Em suas obras, Pierre Bourdieu aborda a conceituação de termos jurídico-sociais como por exemplo, o que sociólogo nomeia de "poder simbólico". O poder simbólico, em sua essência, é uma ferramenta que permite a propagação de uma ideologia pela classe dominante (economicamente) de determinada sociedade, onde toda e qualquer conduta fora de tais padrões predeterminados é considerada errada e digna de pronta correção.
Tal poder simbólico transforma os ideais dominantes os únicos socialmente aceitos, mesmo que tais ideais propaguem atos de violência e manutenção do status quo. Como estão atreladas a influência do poder simbólico da classe dominante e burguesa, as classes menos socialmente favorecidas estão condicionadas, mesmo que inconscientemente, a reproduzir os mesmos comportamentos e pensamentos que proporcionam a sua opressão.
Sob essa perspectiva, como resultado da violência simbólica, as pessoas associadas aos grupos dominados podem, por exemplo, integrar e legitimar a ideia de serem inferiorizados perante à sociedade, permanecendo inertes à realidade - considerando-a “natural”. Dessa forma, percebe-se que a violência simbólica perpetua a desigualdade entre os indivíduos ao passo que reverencia e enobrece uma cultura que não representa os grupos mais numerosos, mas sim uma pequena camada favorecida socialmente.
Verifica-se assim, a presença desse conceito no caso do ex-aluno da UNIFRAN, Matheus Gabriel Braia, acusado de propagar ideias que aludem à cultura do estupro, além de incitar agressões e violências contra mulheres. Em síntese, o ex-aluno fez com que os ingressantes da faculdade reproduzissem, em um ‘trote’ universitário, termos machistas, misóginos e sexistas, fortificando os padrões perpetrados a partir da desigualdade e violência de gênero.
Sabe-se que discursos como o proferido pelo ex-aluno da Universidade em questão, infelizmente, são comuns na sociedade brasileira, resultando na chamada “cultura de estupro”, que justifica os crimes de violência sexual e torna a justiça mais inalcançável para muitas mulheres.
Além disso, é possível encontrar outros aspectos no posicionamento da juíza quando ela destrata as lutas feministas, de forma a questionar a emancipação das mulheres e a pauta da liberdade sexual feminina, e coloca o acontecimento ocorrido durante o trote da faculdade de Medicina da UNIFRAN como um momento de brincadeira, de forma que não afeta todas as mulheres. Assim, é perceptível outro ponto que se conecta com a teoria de Bourdieu, a questão da hermenêutica. Isso porque a interpretação do caso discorre de maneira a atender os ideais da magistrada, evidenciando sua consolidação sobre o tema a partir de um viés totalmente machista e misógino.

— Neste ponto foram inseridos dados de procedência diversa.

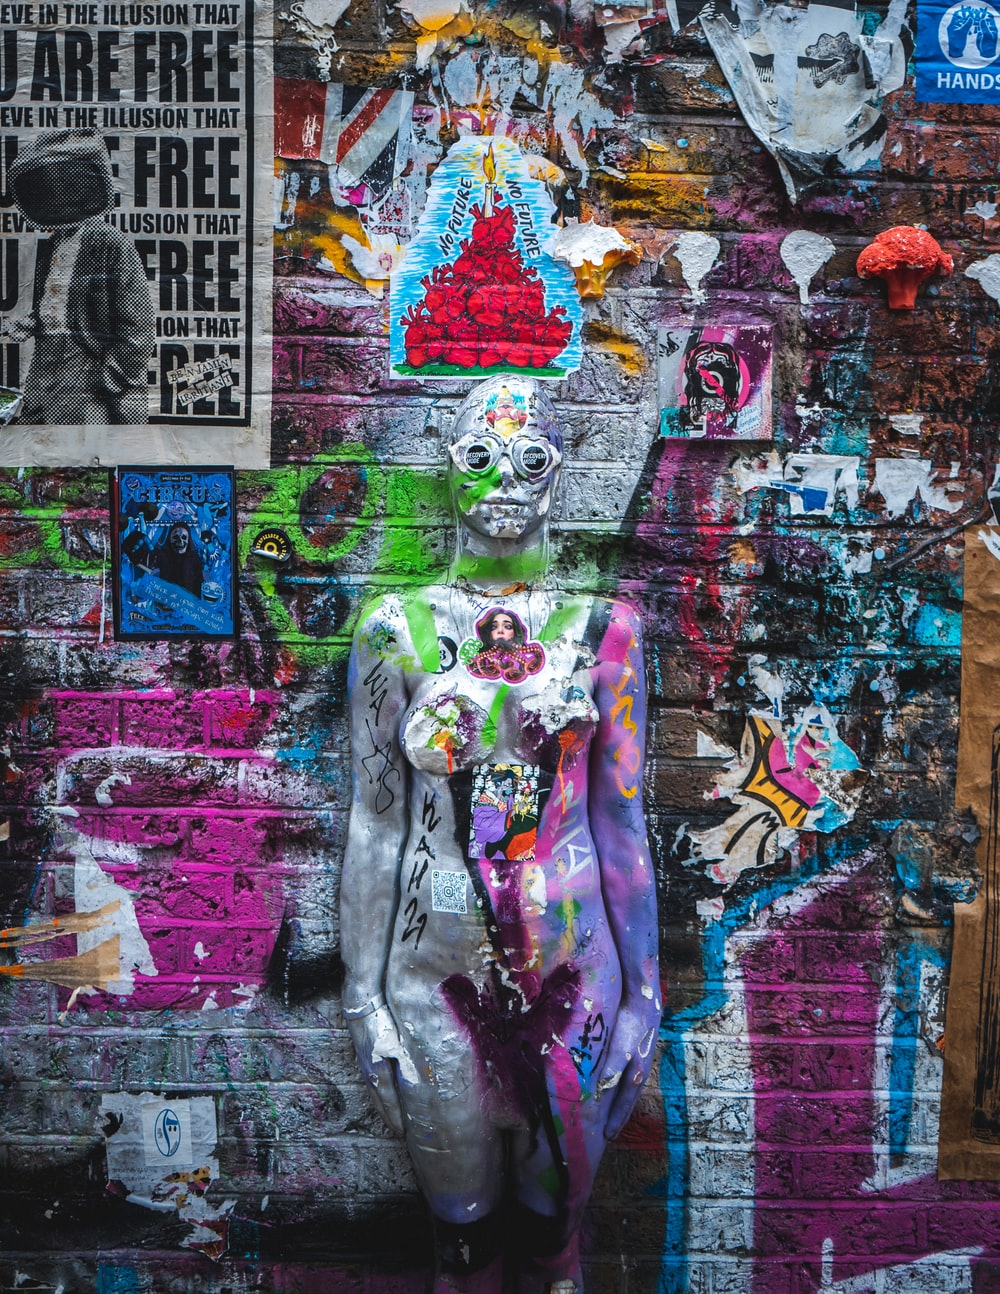 woman in gray jacket and purple pants standing beside graffiti wall

A dominação masculina é um exemplo da chamada submissão paradoxal, derivada da violência simbólica. Percebe-se, também, que essa dominação perdura por consequência aos assíduos planos elaborados em diferentes períodos históricos e, em especial, por ter caráter sutil. Desse modo, na maioria das vezes, a violência simbólica não é somente legitimável como também naturalizada. Logo, a dominação é assimilada pelos dominados sem que seja questionada e, posteriormente, reproduzida, gerando um ciclo vicioso e violento.
Assim, torna-se indubitável a questão da ilusão da independência do Direito, visto que este é baseado nas relações externas e nas vivências pessoais que formaram o jurista responsável pelo caso. Ou seja, o Direito não é totalmente independente e desassociado do habitus, já que é diretamente subordinado às perspectivas do jurista em questão. Dessa forma, por possuir cunho político, toda decisão tomada no campo jurídico já possui uma lógica científica unida à moral, sendo essas indissociáveis.
Portanto, conclui-se que, ao julgar improcedente de processo o caso de Matheus Gabriel Braia, Adriana Gatto revela a influência a qual todas as classes minoritárias e marginalizadas da sociedades estão submetidas, podendo até mesmo lutar a favor de seus agressores. Percebe-se também a manipulação e minuciosamente planejada estratégia de manutenção da dominação das classes dominantes: fazer as classes marginalizadas acreditarem serem parte da nata do poder, lutando contra os seus próprios direitos, e acima de tudo, dignidade.